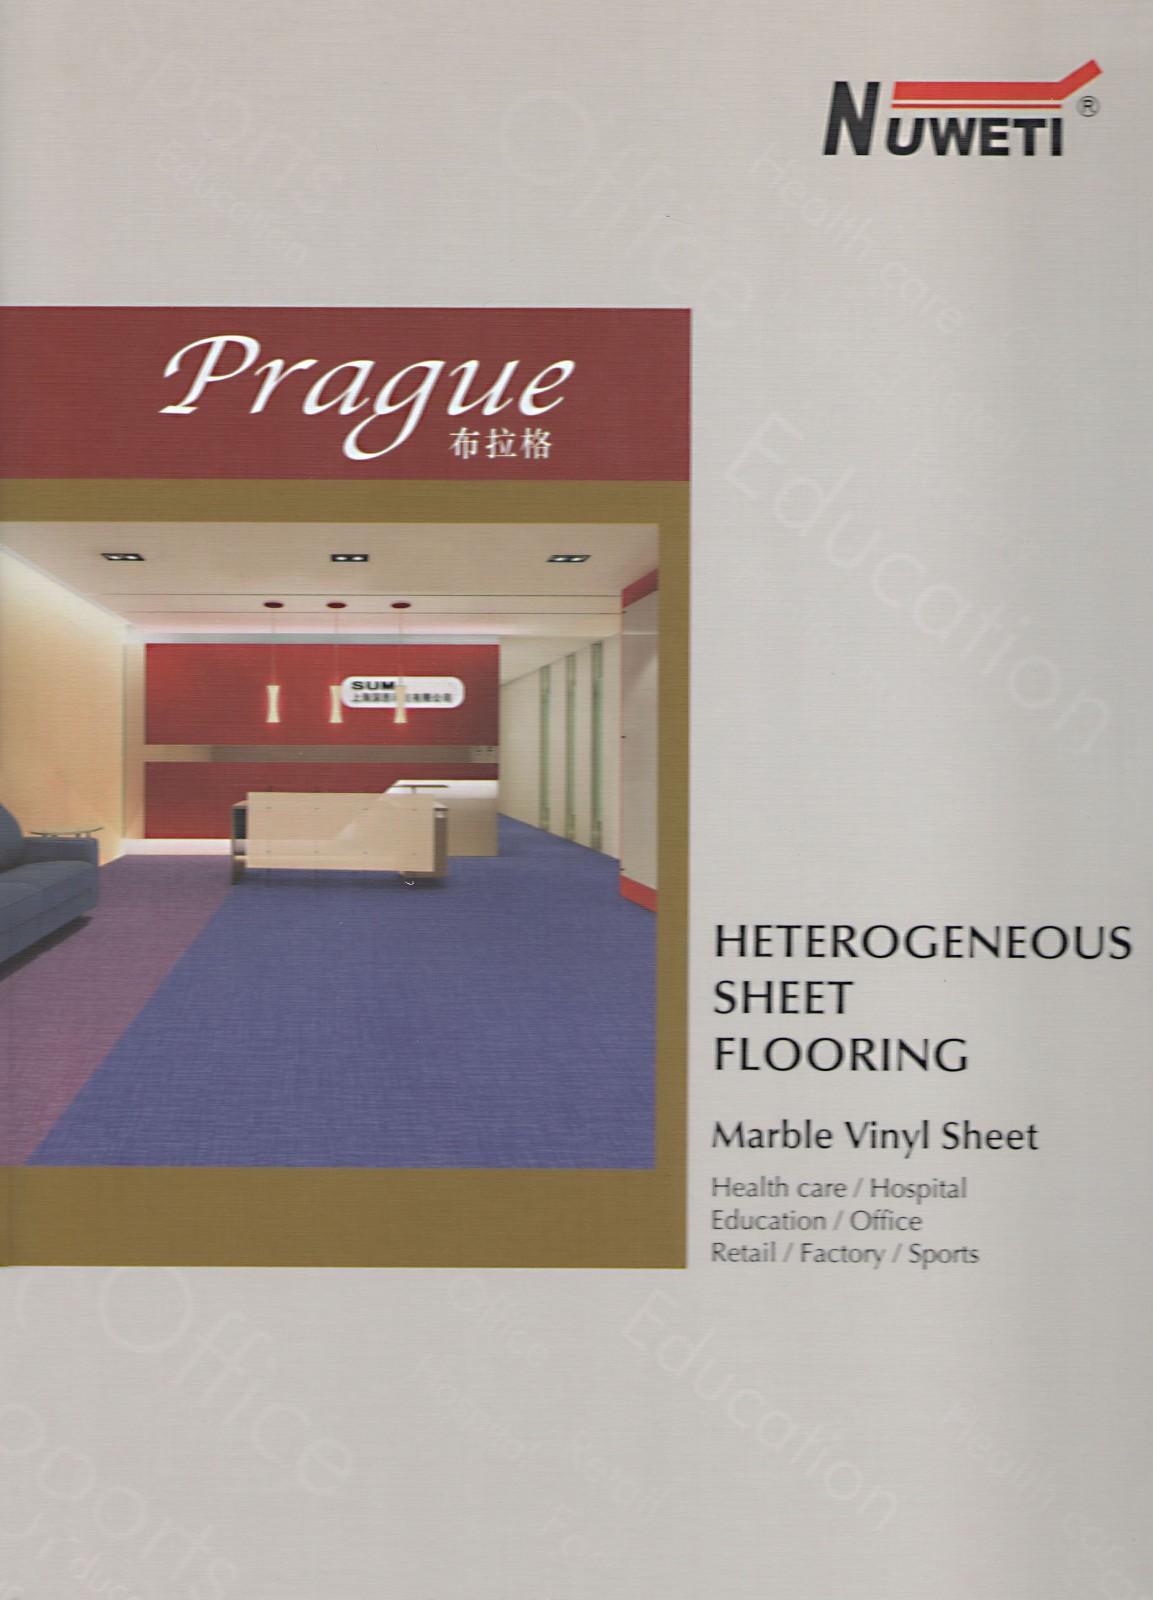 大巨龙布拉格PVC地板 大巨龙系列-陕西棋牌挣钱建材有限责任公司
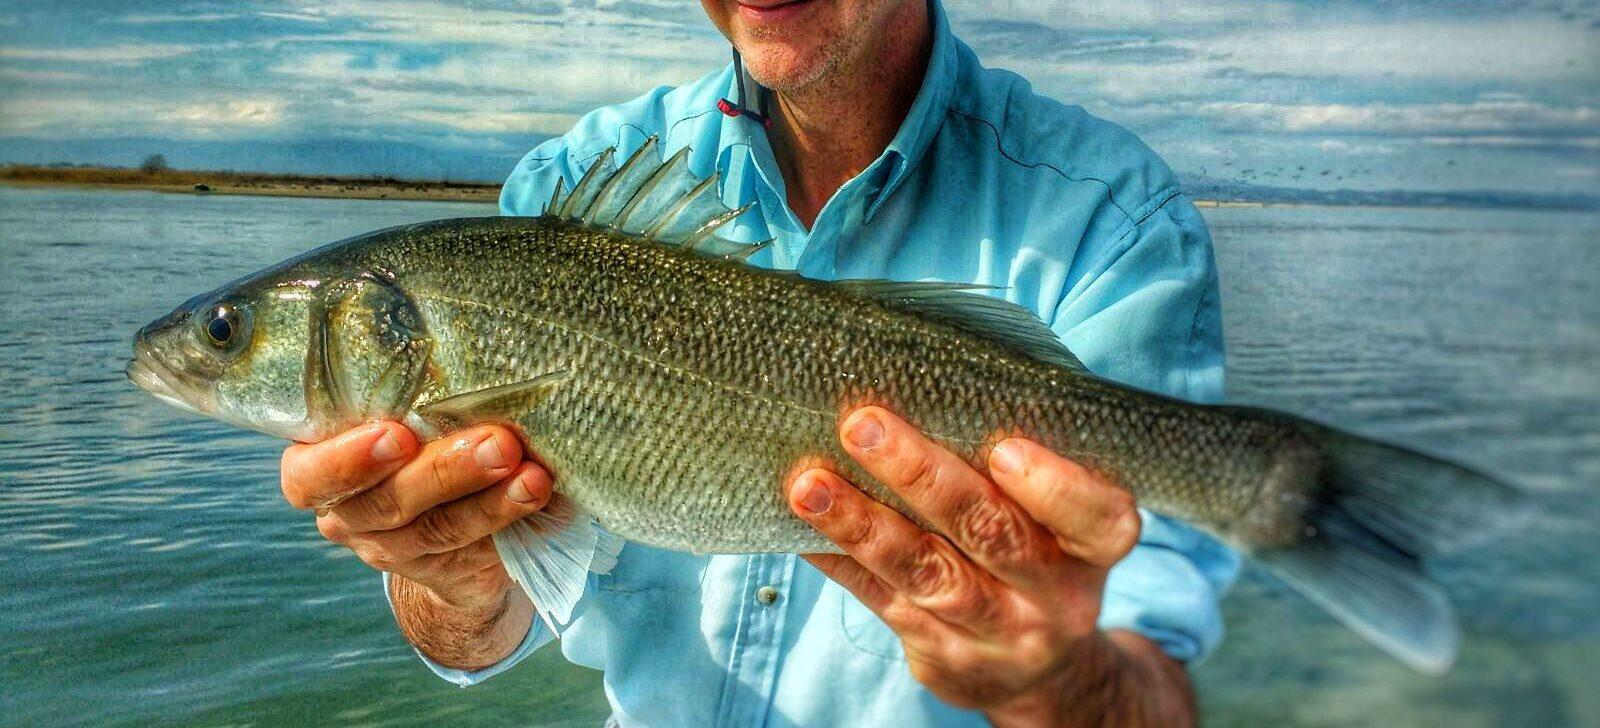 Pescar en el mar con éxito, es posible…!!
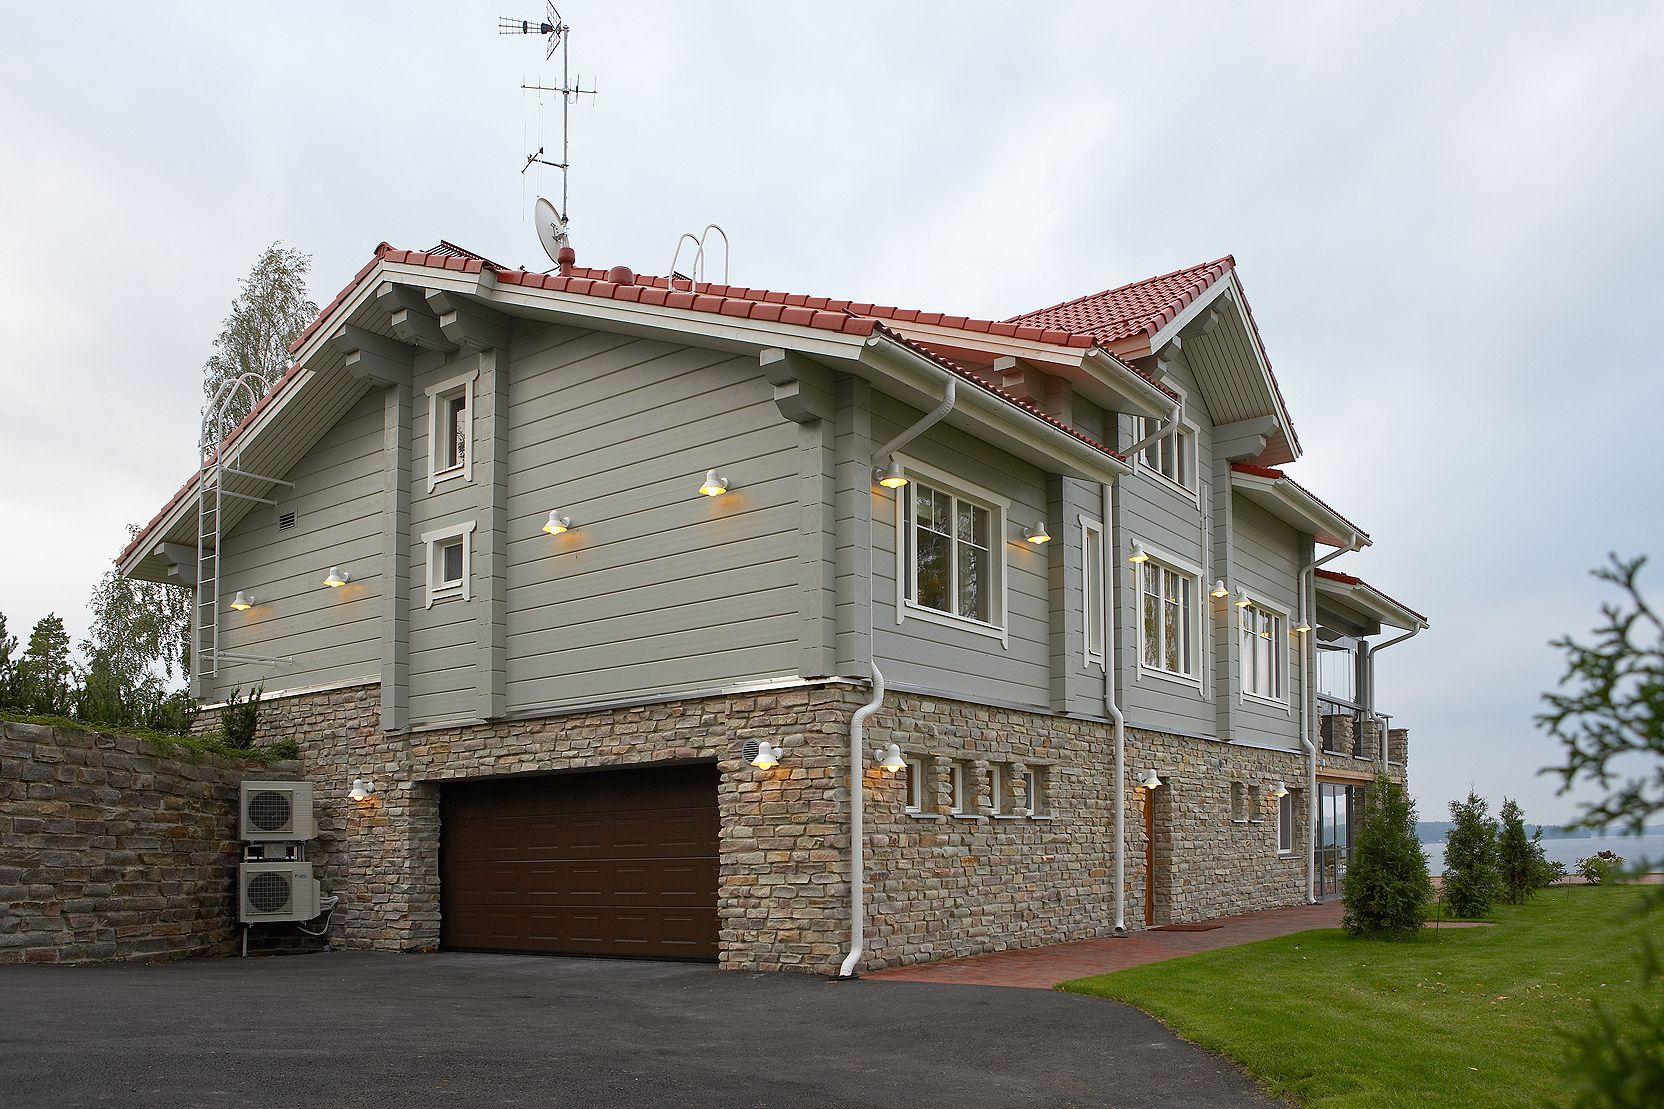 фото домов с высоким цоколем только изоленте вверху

## TASK
Print the material in full and exactly; the pictures must not be printed.

## RESPONSE TO THIS TASK
 大巨龙布拉格PVC地板 大巨龙系列-陕西棋牌挣钱建材有限责任公司
 Pescar en el mar con éxito, es posible…!!
 фото домов с высоким цоколем только изоленте вверху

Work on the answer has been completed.